Quella dell’animatore della comunicazione e della cultura non è una figura passata di moda.
«Ci sono persone già pronte per l’opera di integrazione tra cristianesimo e società. E che potranno essere snodi importanti perché il Vangelo parli il linguaggio della rete senza il quale è ormai impossibile entrare in contatto con le generazioni di oggi», osserva monsignor Domenico Pompili, sottosegretario della Cei e direttore dell’Ufficio Nazionale per le comunicazioni sociali, tirando le fila della sessione residenziale del corso Anicec che si è tenuta a Roma dal 9 all’11 novembre.
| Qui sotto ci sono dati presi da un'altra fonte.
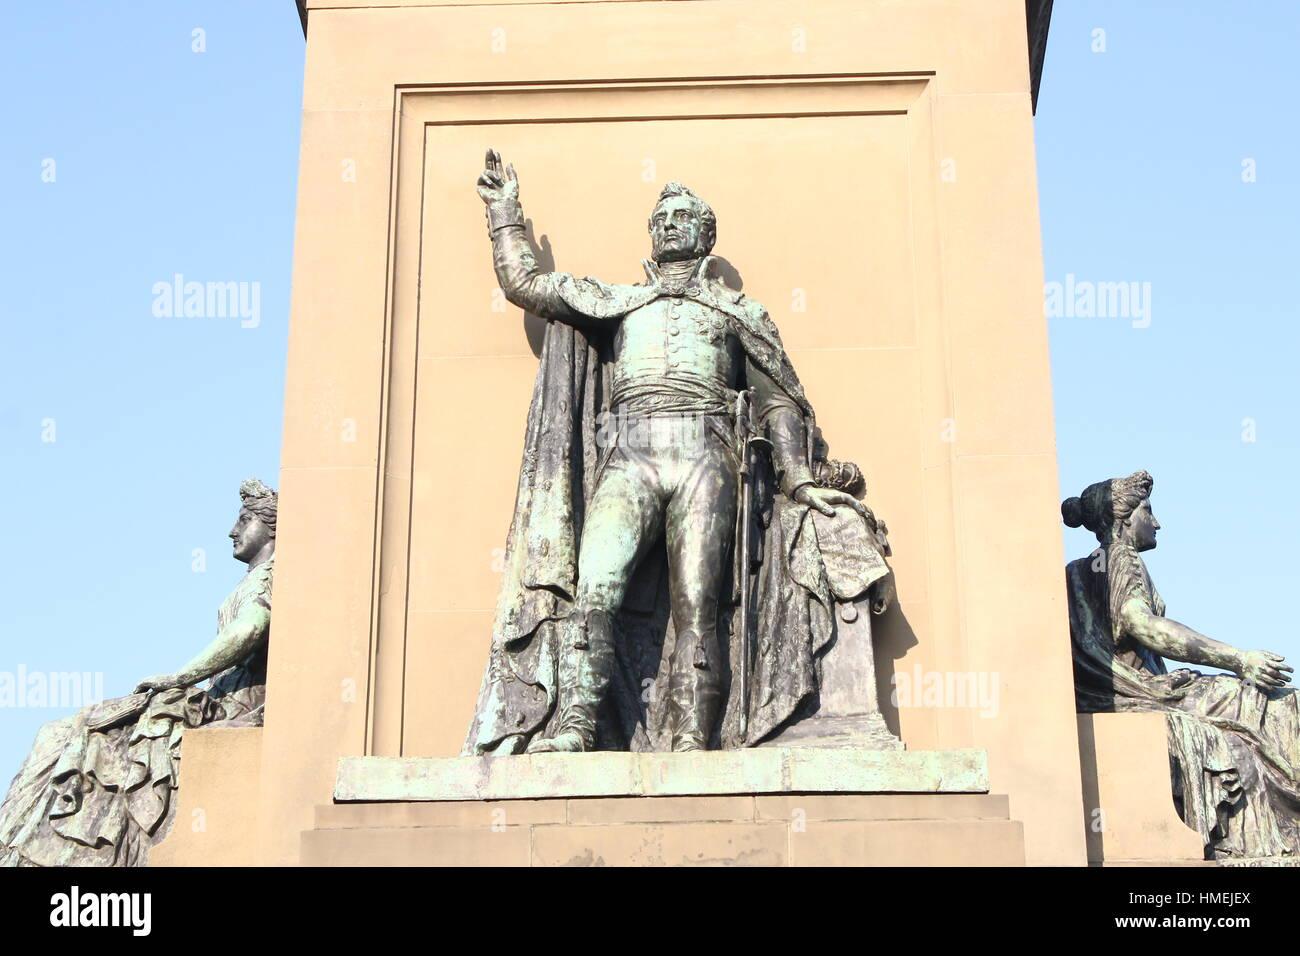 Siglo xix independencia monumento (Onafhankelijkheidsmonument) en plein 1813, Den Haag, Países Bajos. El rey Imagen De Stock

Una tre giorni intensa che ha privilegiato lo scambio e ha puntato i riflettori su quanto bolle in pentola a livello locale:
«L’officina digitale è il luogo che ha scompaginato il modo di tradizionale di fare i convegni: in cattedra sono saliti loro, gli studenti, per presentarci le loro esperienze», sottolinea Pompili evidenziando come si sia passati «dal broadcasting allo sharing, ossia dalla trasmissione alla condivisione».
È l’esperienza a dimostrare che «gli animatori sono protagonisti sul campo e con la loro creatività e competenza sono in grado di colmare il gap tra Vangelo e cultura ».
I progetti presentati – dai percorsi multimediali per l’apprendimento della Divina Commedia fino alla prevenzione nella scuola con il coinvolgimento della polizia postale, ai supporti digitali interattivi per ambienti ecclesiali e ai profili Facebook delle parrocchie – sono la testimonianza concreta «dell’atteggiamento proattivo» dell’animatore.
Che sa, spiega Chiara Giaccardi, docente di Sociologia e antropologia dei media all’Università Cattolica di Milano, «anticipare gli scenari, ridurre i danni, operare una verifica continua, non proibire ma riorientare le tecnologie nello loro forme più conviviali, volte cioè alla comunione». Per padre Antonio Spadaro, direttore de La Civiltà Cattolica, è essenziale «avere una esperienza diretta dei social network e sulla base di essa articolare una riflessione che porti prima all’azione e poi alla valutazione di ciò che è stato realizzato».
All’animatore è richiesta dunque «una sensibilità per i cambiamenti in atto» e allo stesso tempo «un orecchio attento alla realtà concreta degli ambienti ecclesiali».E loro sono pronti. «Il Signore è stato fantasioso e mi ha fatto scoprire questa via», confida Ida Marengo di Cuneo, ‘volontaria per l’arte’ al Museo diocesano San Sebastiano.
«Creare un sito di cui non ci si dimentichi in breve tempo» è ciò che Laura Foglino proporrà alla parrocchia della Resurrezione di Torino. Maria Chiara di Parma lavorerà invece per «creare una sinergia tra i media diocesani, in vista di un percorso comune».